4.     HRS § 708-830(1) stated, in part, that "[a] person commits theft if the person . . . obtains, or exerts control over, the property of another with intent to deprive the other of the property."

5.     HRS § 705-500 defines "criminal attempt" as follows:

Criminal attempt. (1) A person is guilty of an attempt to commit a crime if the person:

(a)     Intentionally engages in conduct which would constitute the crime if the attendant circumstances were as the
          person believes them to be; or

(b)     Intentionally engages in conduct which, under the circumstances as the person believes them to be,
         constitutes a substantial step in a course of conduct intended to culminate in the person's commission of the
         crime.

(2)     When causing a particular result is an element of the crime, a person is guilty of an attempt to commit the crime if, acting with the state of mind required to establish liability with respect to the attendant circumstances specified in the definition of the crime, the person intentionally engages in conduct which is a substantial step in a course of conduct intended or known to cause such a result.

(3)     Conduct shall not be considered a substantial step under this section unless it is strongly corroborative of the defendant's criminal intent.

6.     The instruction to the jury that Hare challenges on appeal stated, in part, as follows:

In Count 2 of the indictment, [Hare] is charged with the offense of Attempted Theft in the Second Degree.

A person commits the offense of Attempted Theft in the Second Degree if he intentionally engages in conduct which, under the circumstances as he believes them to be, constitutes a substantial step in a course of conduct intended to culminate -- strike that d -- to culminate in his commission of Theft in the Second Degree.

There are two material elements to the offense of Attempted Theft in the Second Degree, each of which the prosecution must prove beyond a reasonable doubt.

These two elements are:

1.     On or about March 9, 2004, to and including March 23, 2004, in the City and County of Honolulu, [Hare] engaged in conduct which, under the circumstances as [Hare] believed them to be, was a substantial step in a course of conduct intended by [Hare] to culminate in the commission of Theft in the Second Degree; and

2.     [Hare] engaged in such conduct intentionally.

Conduct shall not be considered a substantial step unless it is strongly corroborative of [Hare's] intent to commit Theft in the Second Degree.

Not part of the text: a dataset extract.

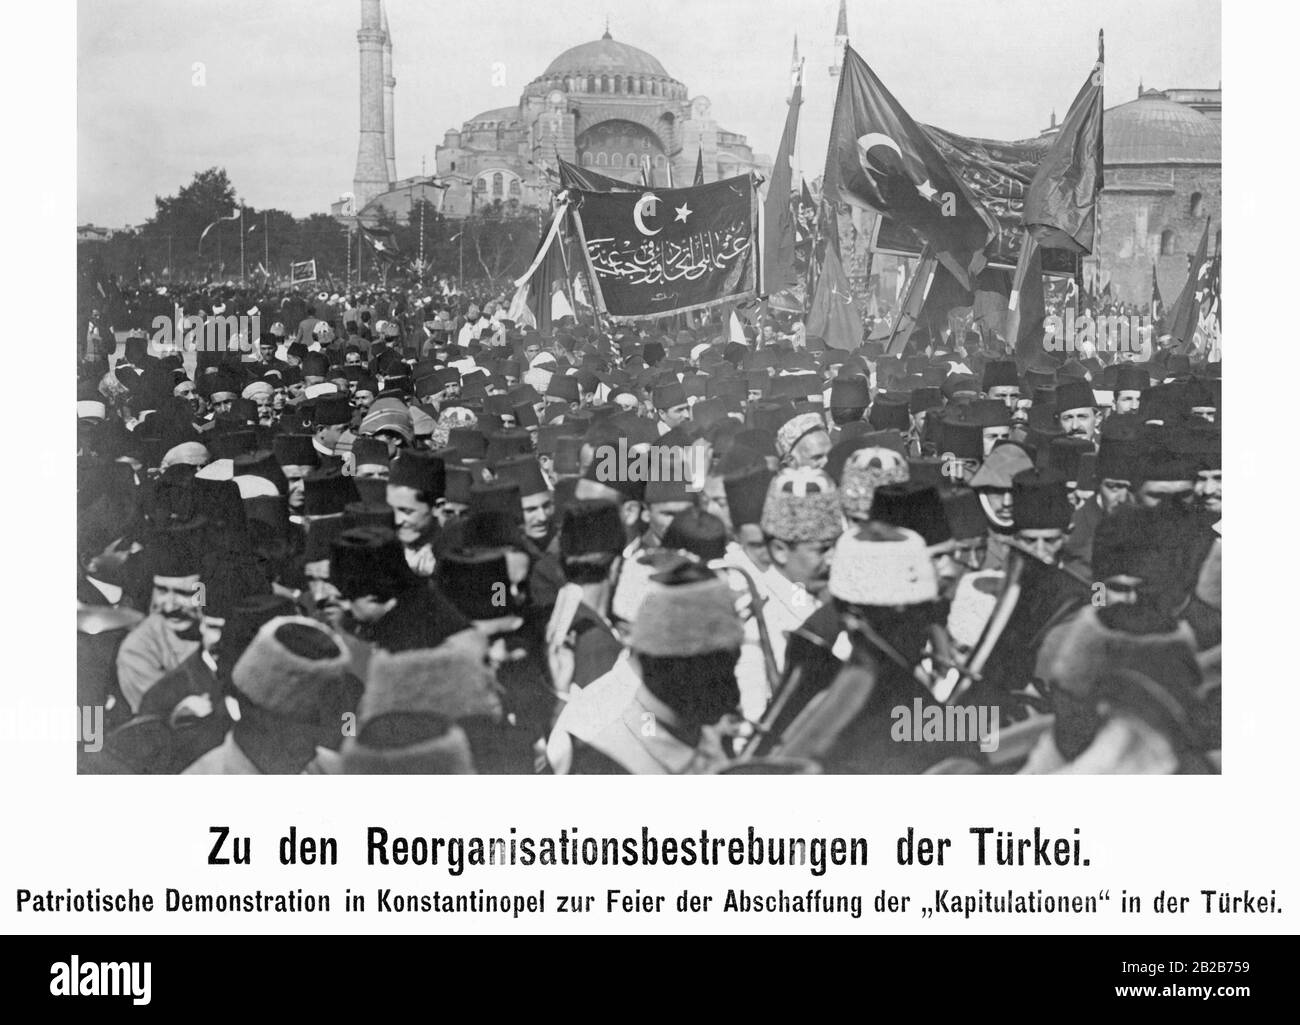 Patriotische Demonstration vor der Hagia Sophia zur Feier der Abschaffung der sogenannten "Kapitulationen", also der Privilegien von Ausländern im Osmanenreich. Stockfoto

A person commits the offense of Theft in the Second Degree if he obtains or exerts control over the property of another, the value of which exceeds $300, with intent to deprive the person of that property.

. . .
"Obtain" means to bring about a transfer of possession or other interest, whether to the obtainer or to another.

"Control over property" means the exercise of dominion over the property and includes, but is not limited to, taking, carrying away, or possessing the property.

"Property" means any money, personal property, real property, thing in action, evidence of debt or contract, or article of value of any kind.

"Property of another" means property which any person, other than [Hare], has possession of or any other interest in.

"Deprive" means:

1.     To withhold property or cause it to be withheld from a person permanently or for so extended a period or under such circumstances that a significant portion of its economic value, or of the use and benefit thereof, is lost to the person; or

2.     To dispose of the property so as to make it unlikely that the owner will recover it; or

3.     To retain the property with intent to restore it to the owner only if the owner purchases or leases it back, or pays a reward or other compensation for its return; or

4.     To sell, give, pledge, or otherwise transfer any interest in the property; or

5.     To subject the property to the claim of a person other than the owner.

(Emphases added.) The foregoing instructions essentially tracked the statutes governing Attempted Theft 2. Hare maintains, however, that the circuit court's "failure to name the complainant, [GEICO,] together with the inference that the complainant was a person rather than a company, opened the door to speculation regarding the complainant's identity . . . and allowed the jury to convict Hare on a nebulous Attempted Theft 2 charge."